Support for Reliability, Availability, and Serviceability (RAS) is one of the
quintessential features of computing systems targeting the server and missioncritical
markets. Among these RAS features, Chipkill* stands out as the most
crucial for main memory protection. IBM Chipkill protects the main memory
from the failure of an entire memory chip, as well as multi-bit faults from any
portion of a memory chip. Similar technologies from other vendors are Single
Device Data Correction (SDDC) from Intel, Sun Extended ECC* and HP
However, some advanced memory technologies (such as GDDR5) do not
allow traditional SDDC implementation, since their specification does not
include extra devices to store error correction codes (ECC codes).
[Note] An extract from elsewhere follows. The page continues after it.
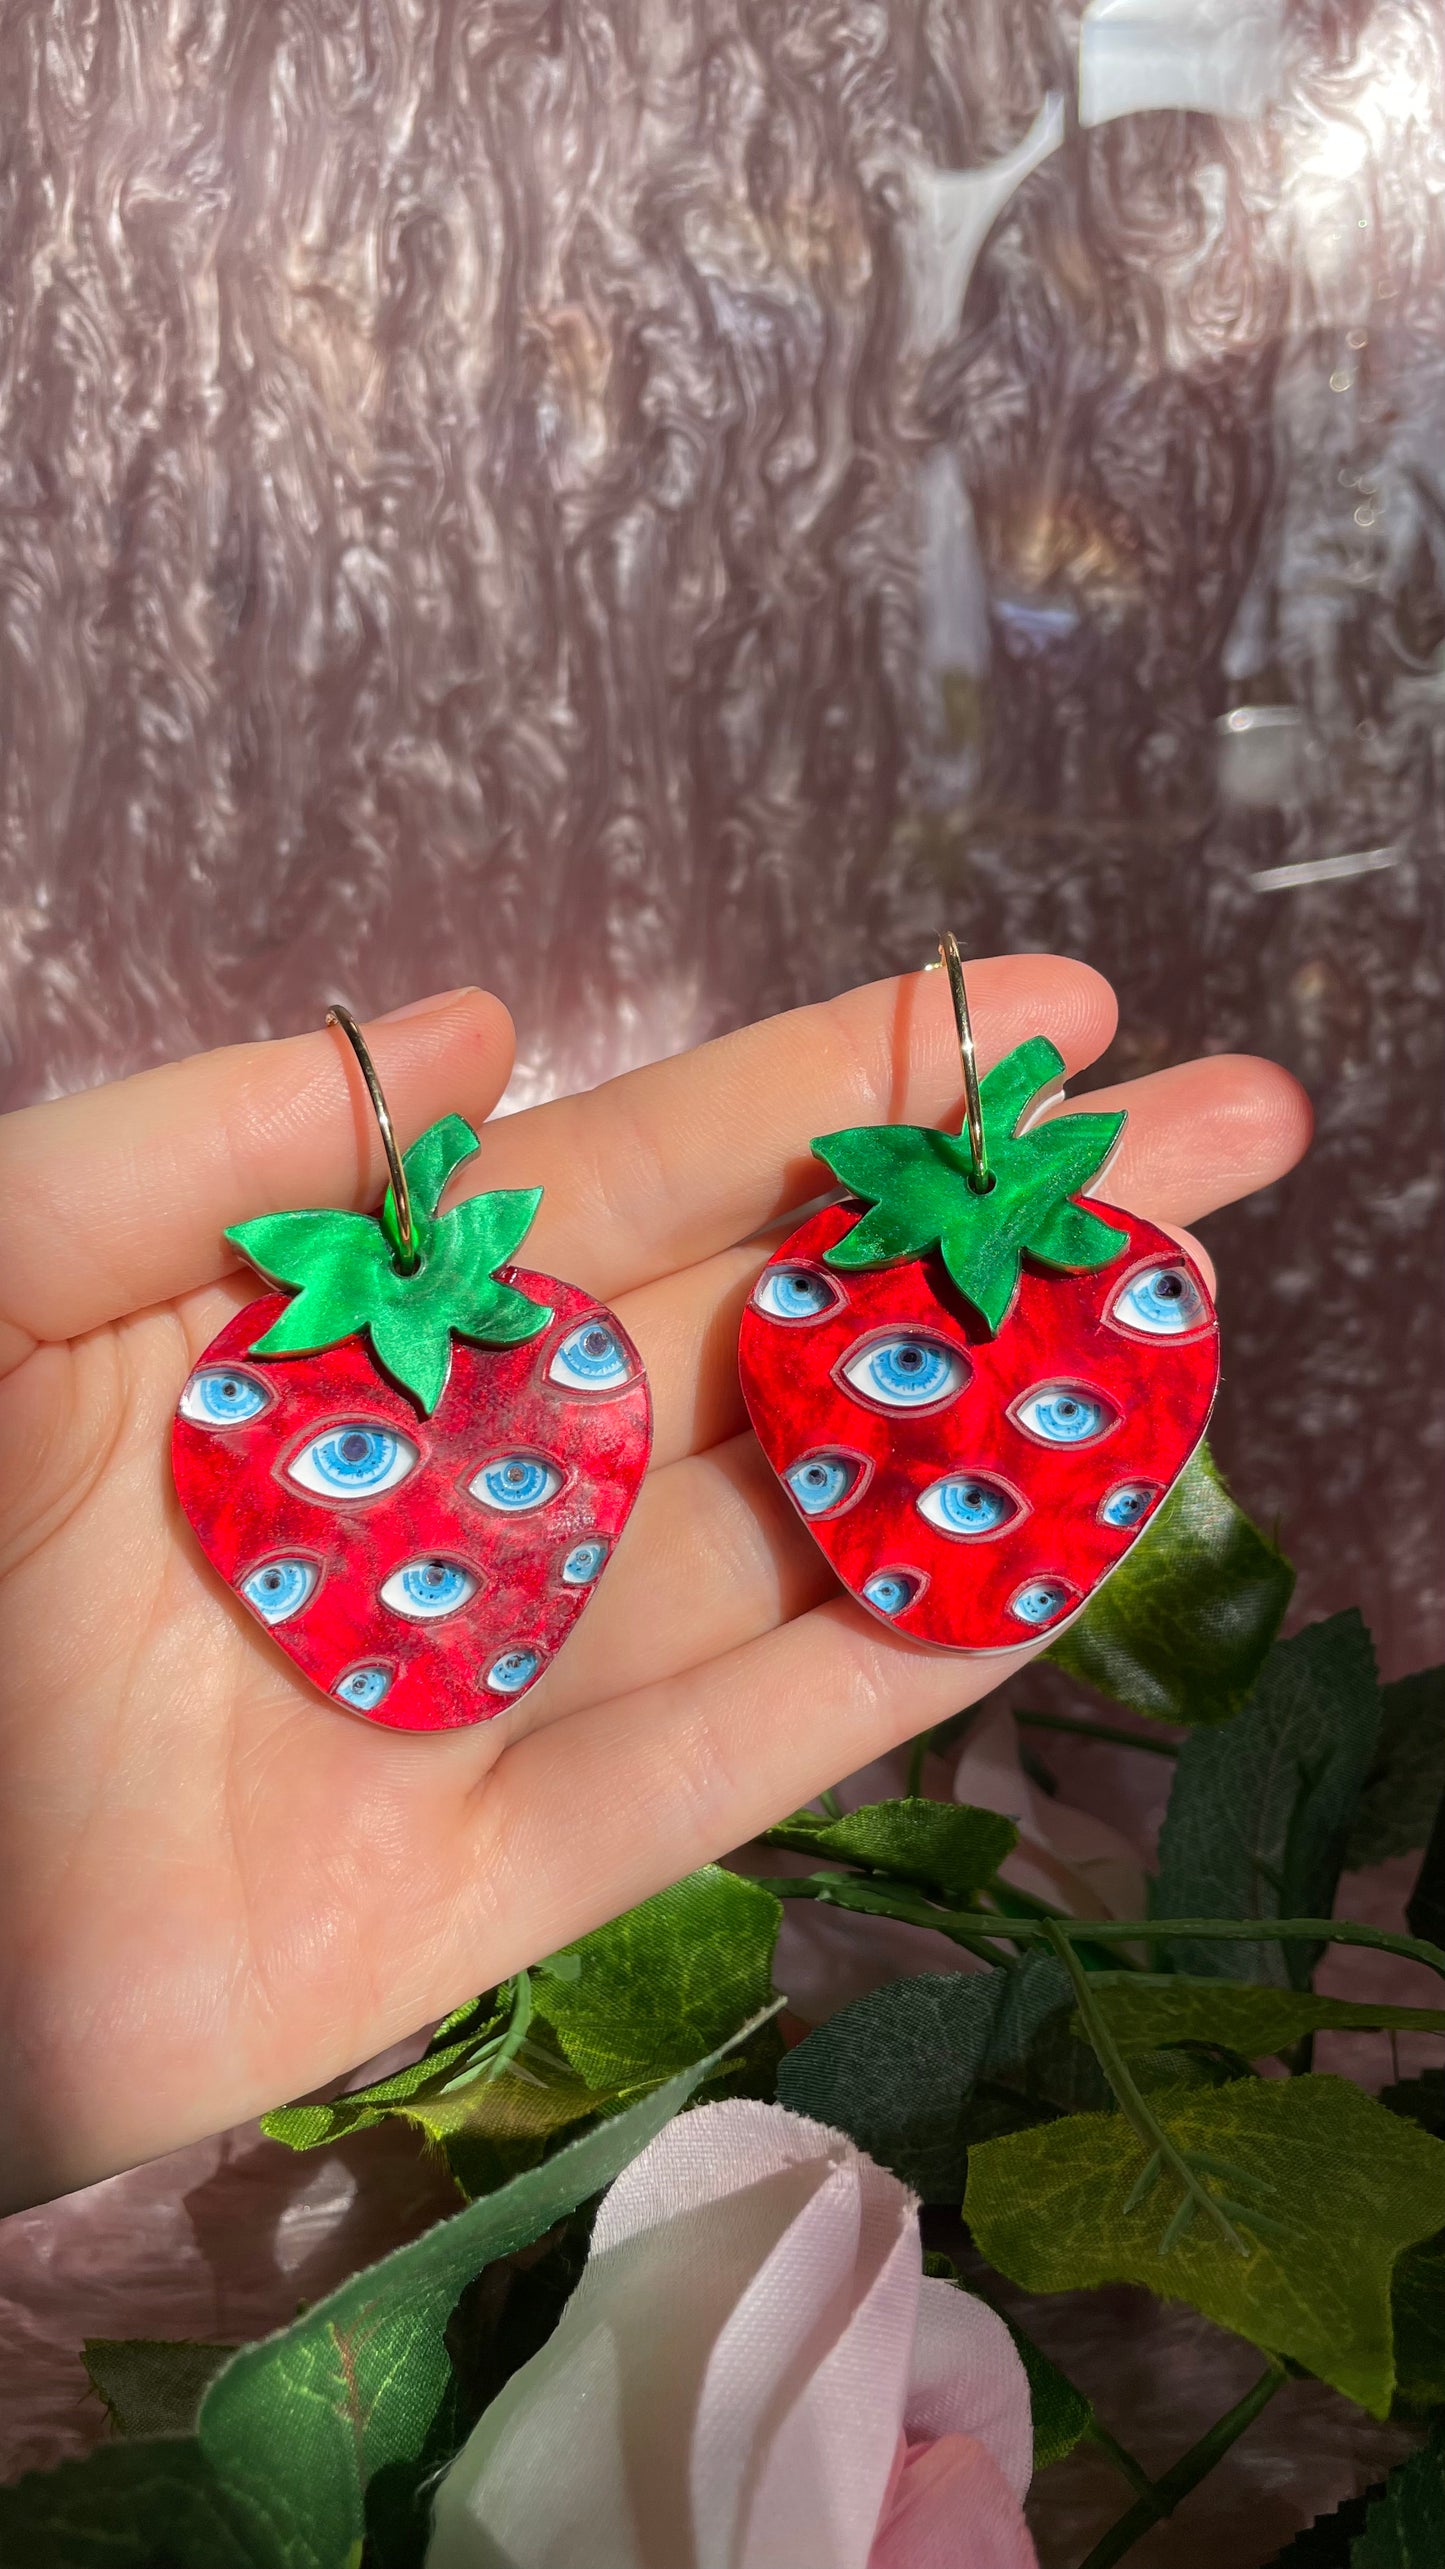 👁️ single strawberry 👁️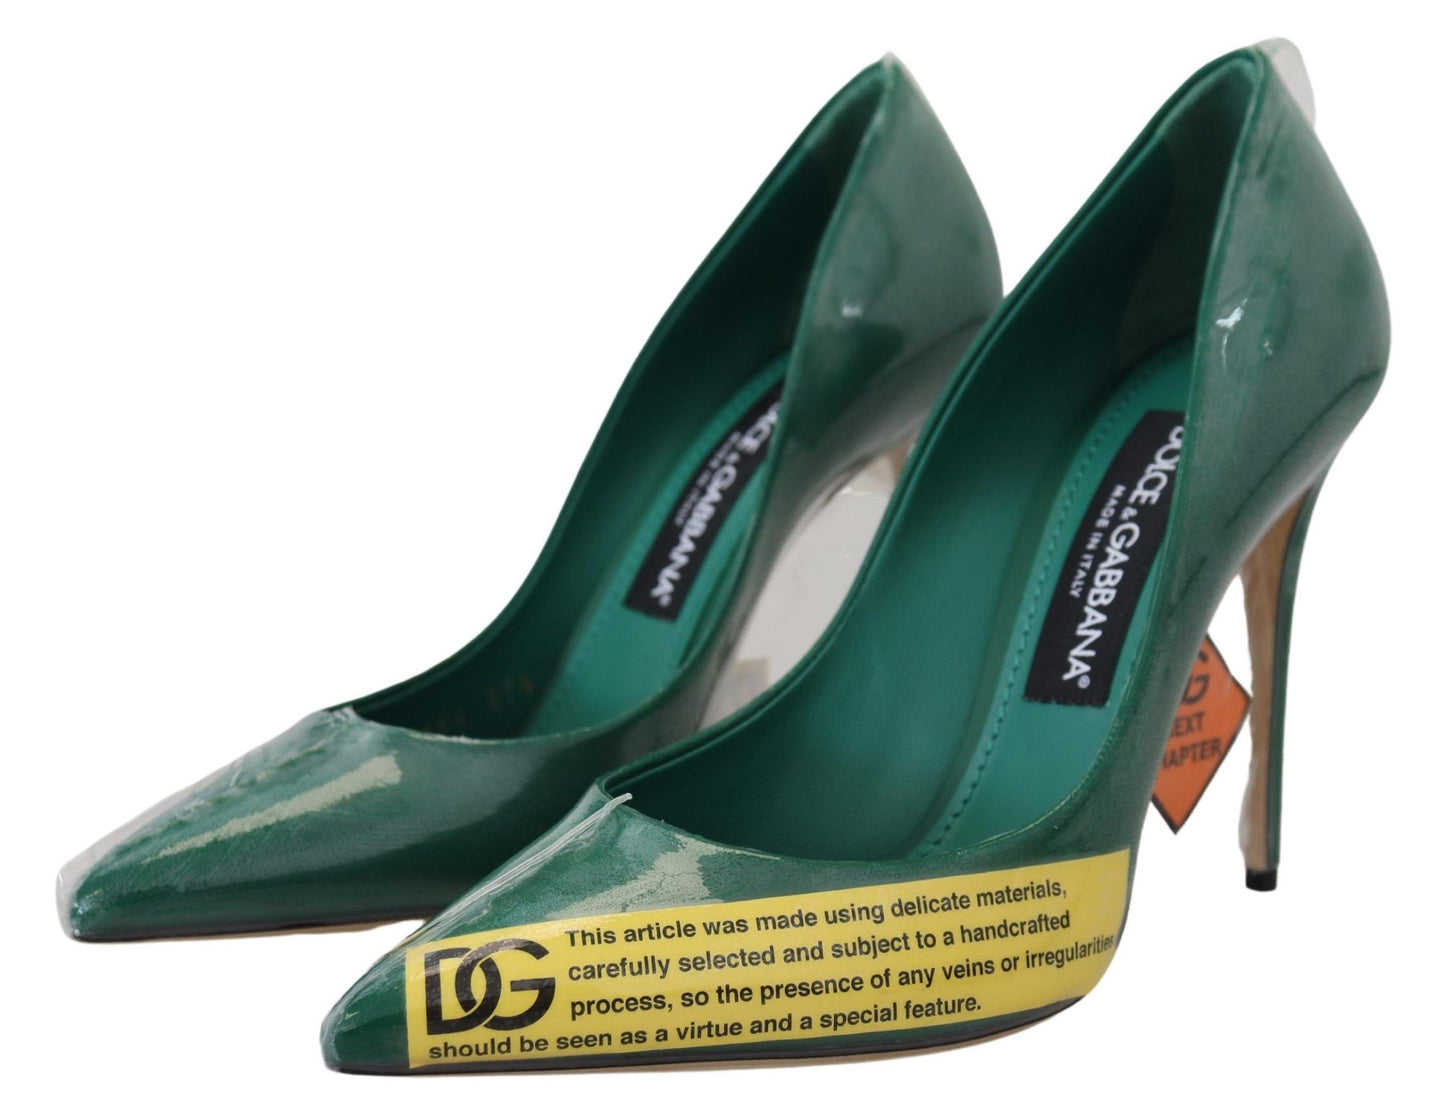 Tacchi in pelle verde Dolce & Gabbana pompa scarpe in plastica

Some future high performance computing products hitting the server market
will be based on these advanced memory technologies. In this article we
propose a method to provide SDDC (single device data correct) support at
the memory controller level for memory technologies that inherently have no
RAS support for memory contents protection. Specifically, we focus on how
to provide single-device SDDC support for GDDR5 memory. The technique
allows the failure of 1/8 of the memory devices to be tolerated by using 25
percent of the memory to store error correction codes.
We also describe how the technique can be implemented for RAS-less memory
technologies feeding a wider data bus than GDDR5 (such as DDR3, which in
fact uses narrower devices). This opens the possibility to offer high reliability
with cheap DIMM devices. We also describe how to provide SDDC support
without the use of lockstepped memory channels.